● What the task requires
Word for word, restate the data that follows, omitting the images.

● Dataset section
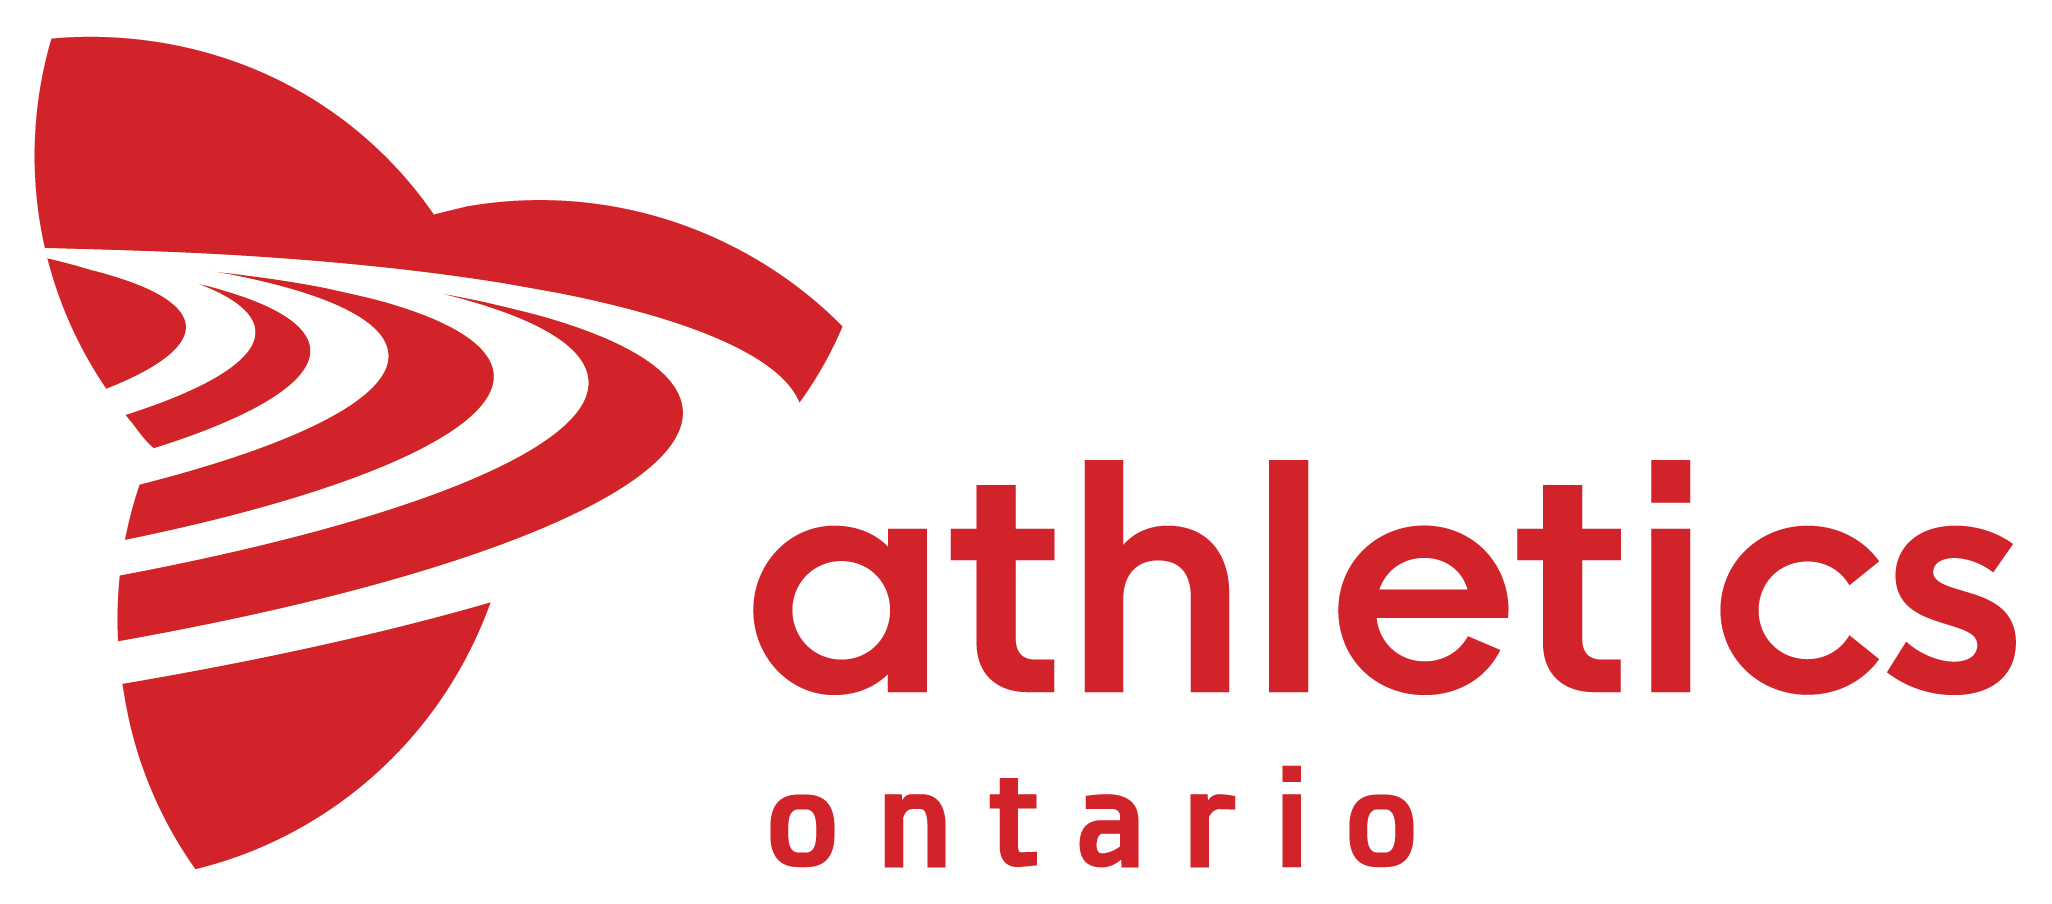 Ontario Officials Annual General Meeting & National Clinics
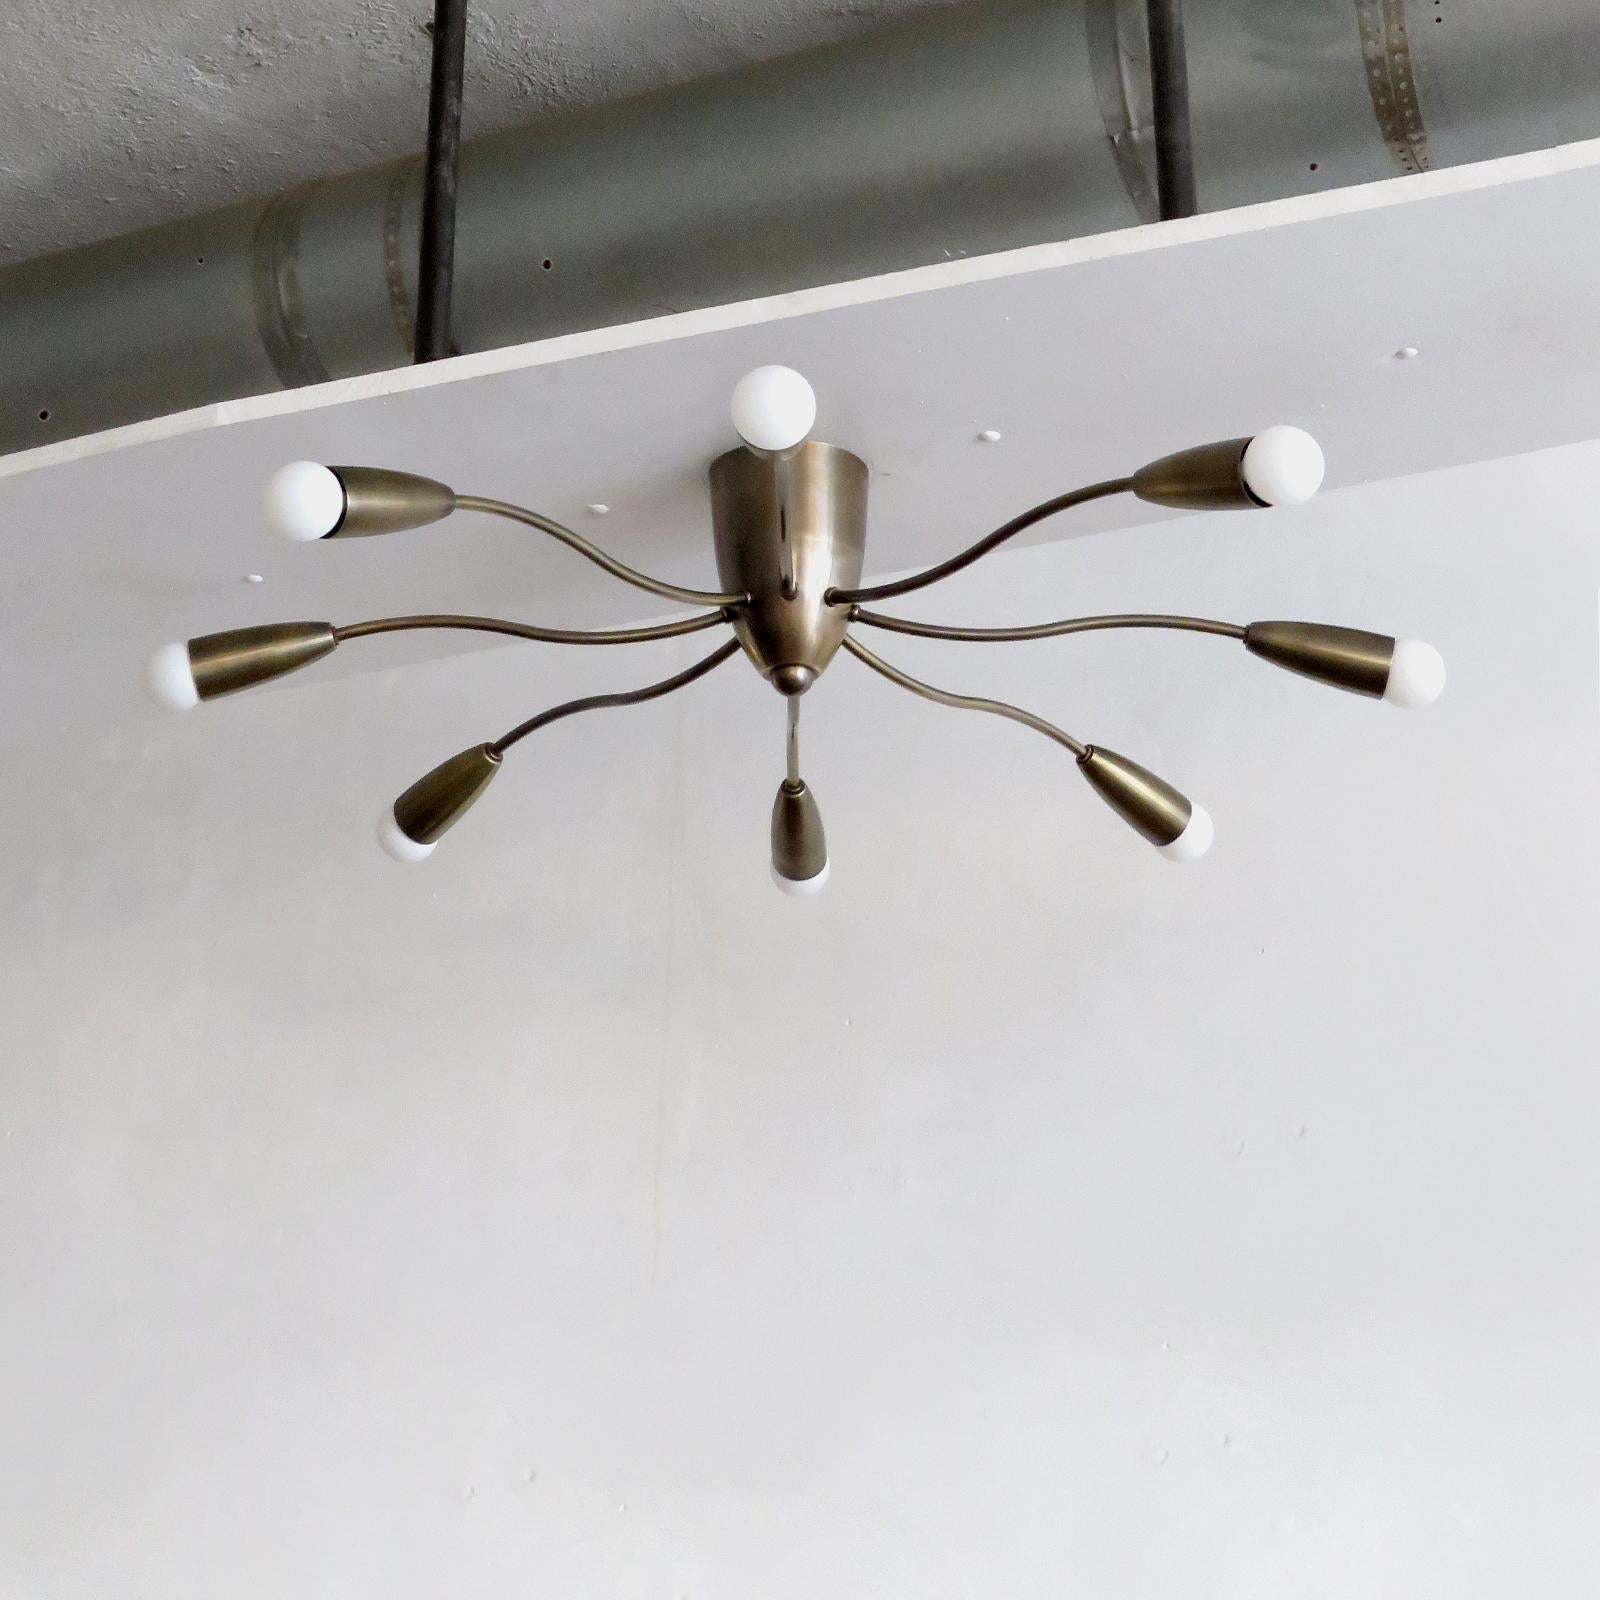 Elegant Aura-30 flushmount ceiling light in aged brass finish designed by Gallery L7, handcrafted and finished in Los Angeles from American brass. Eight E12 sockets per fixture, max. wattage 25w each, wired for US standards or European standards
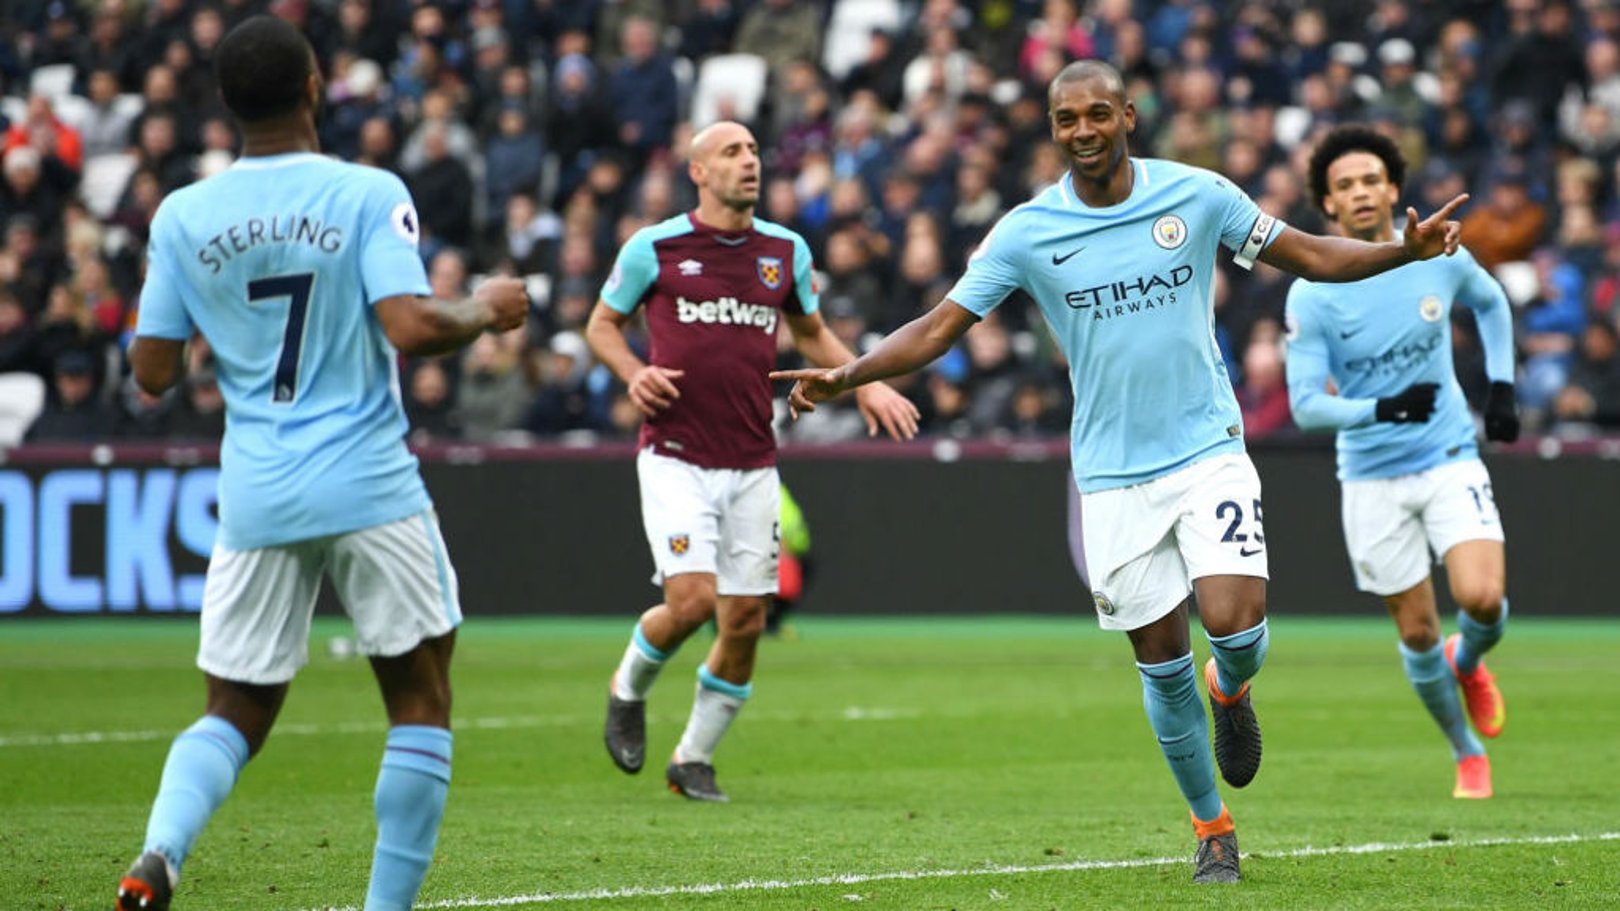 JUST CAPITAL: City ran out convincing 4-1 winners on our last appearance at the London Stadium in April this year
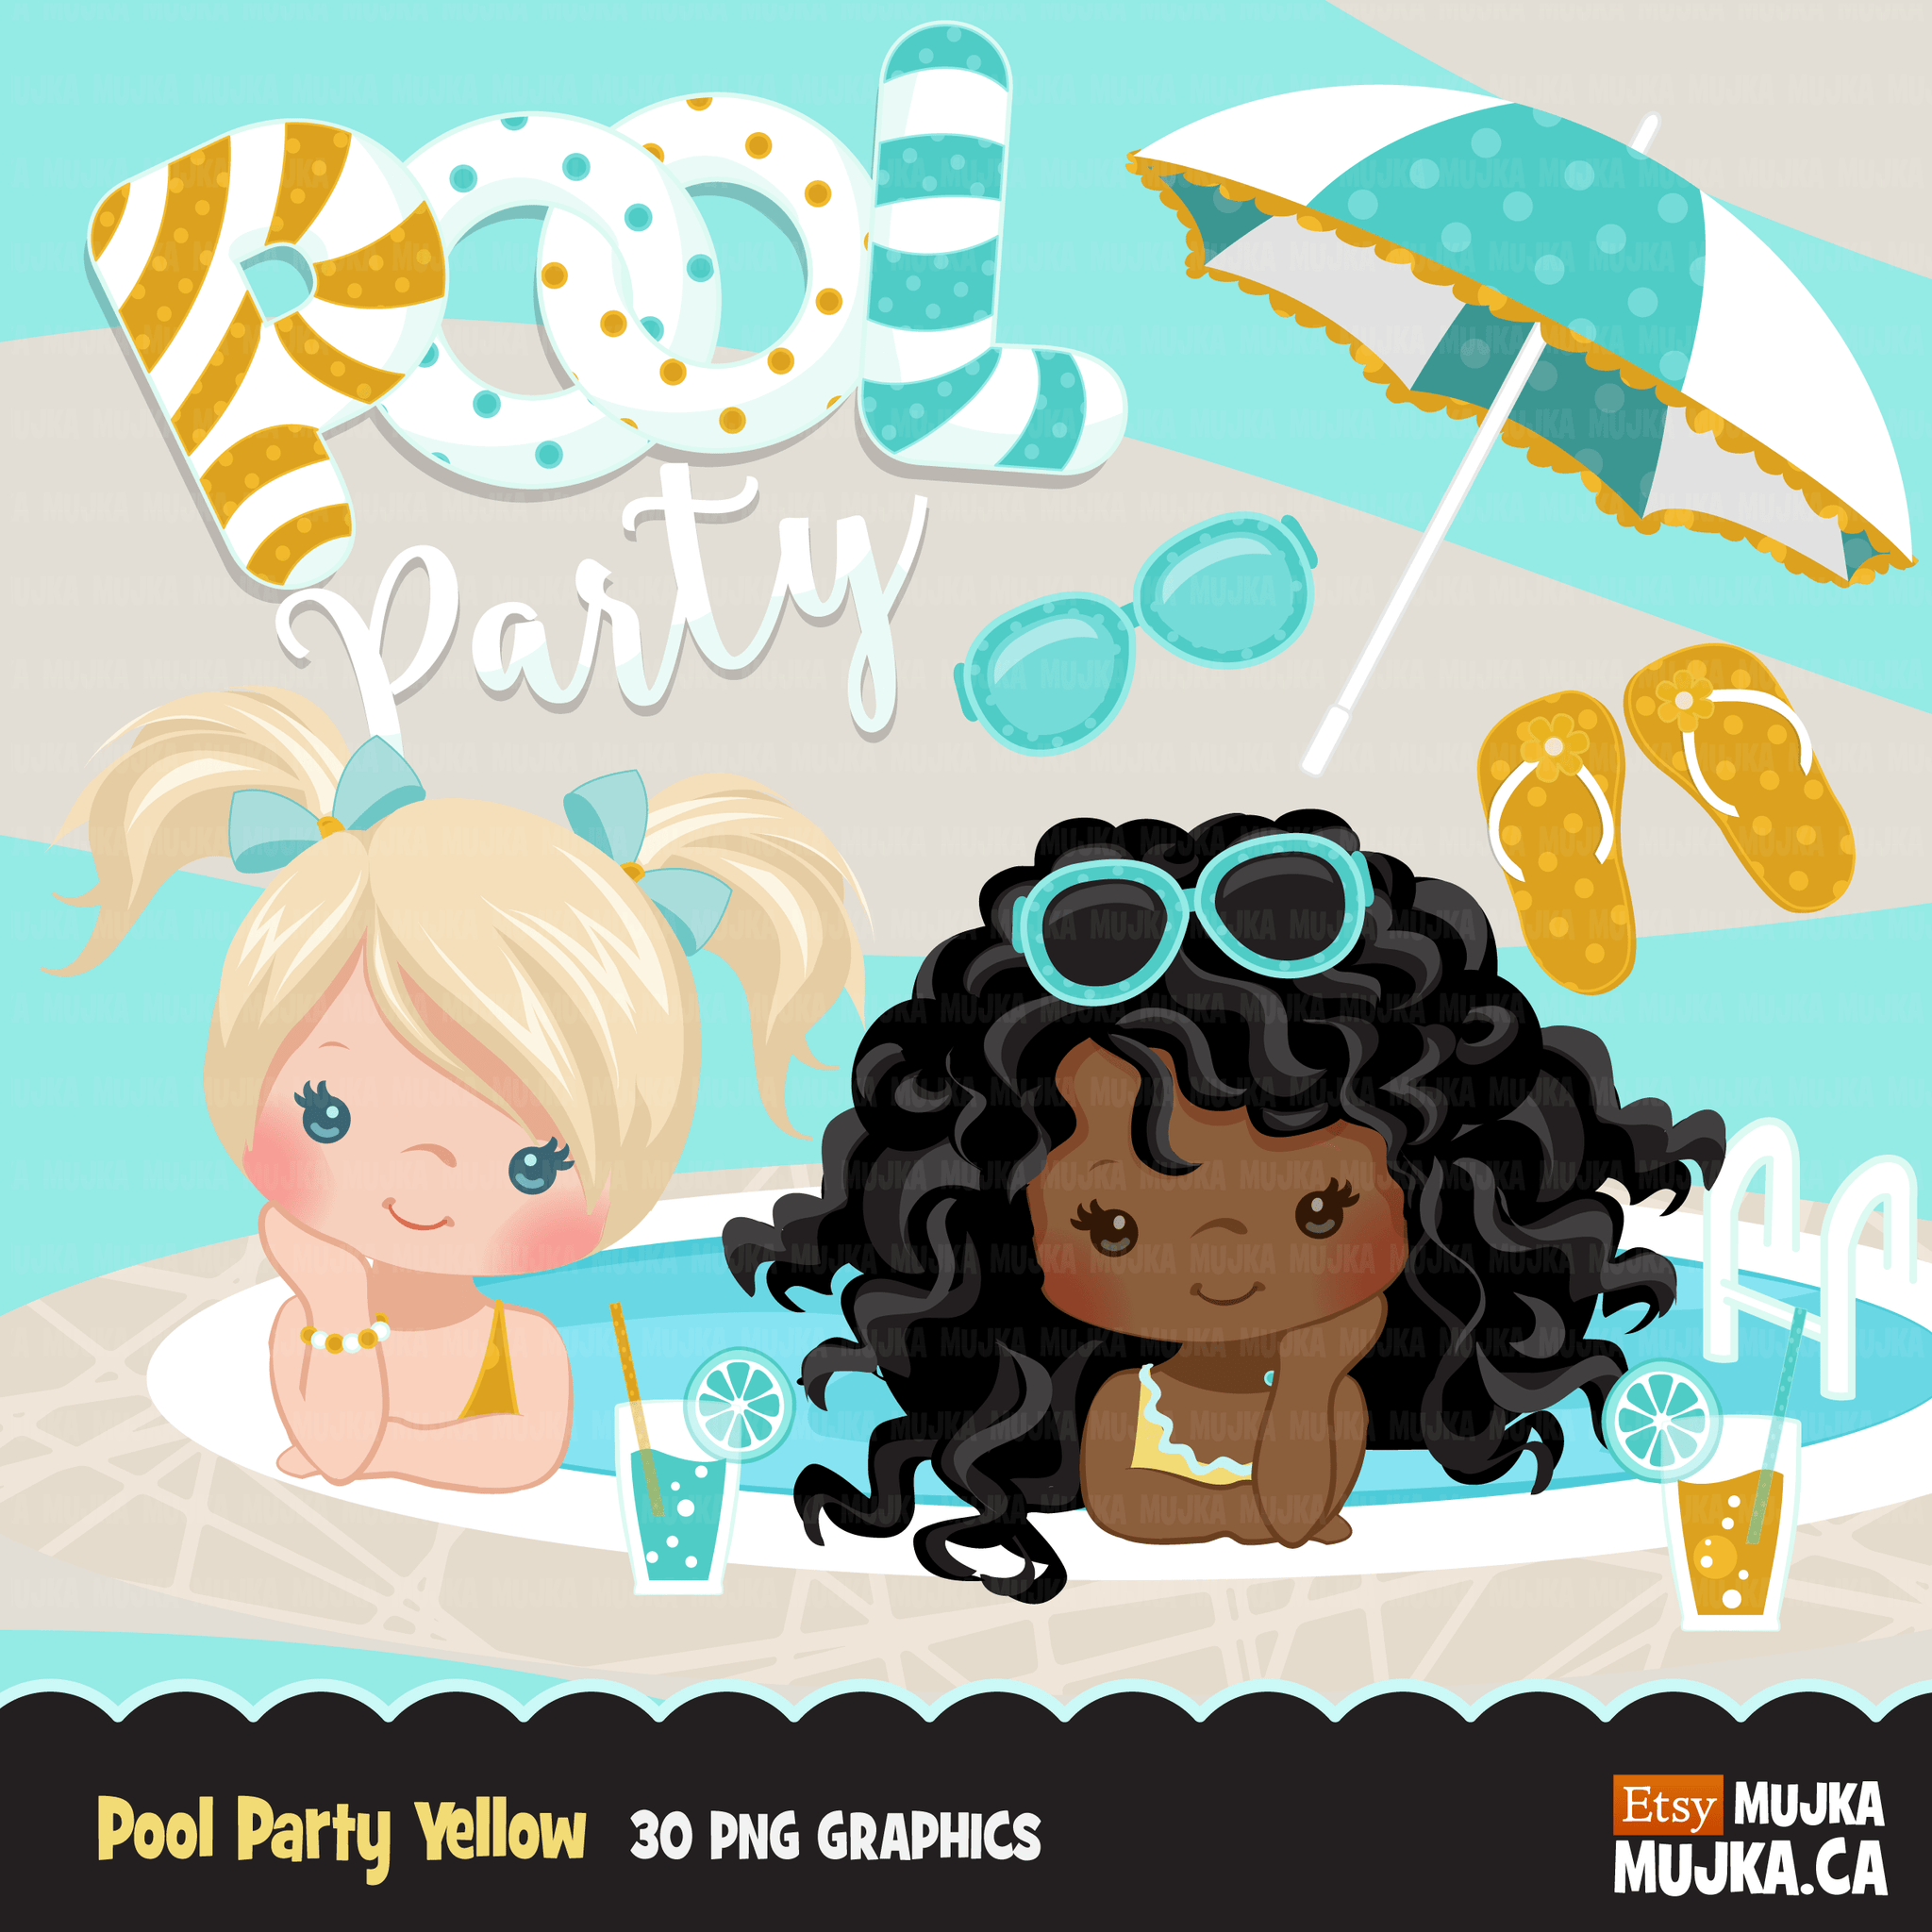 POOL PARTY - 300 dpi PNG

● Answer section
 Ontario Officials Annual General Meeting & National Clinics
 Elegant Aura-30 flushmount ceiling light in aged brass finish designed by Gallery L7, handcrafted and finished in Los Angeles from American brass. Eight E12 sockets per fixture, max. wattage 25w each, wired for US standards or European standards
 JUST CAPITAL: City ran out convincing 4-1 winners on our last appearance at the London Stadium in April this year
 POOL PARTY - 300 dpi PNG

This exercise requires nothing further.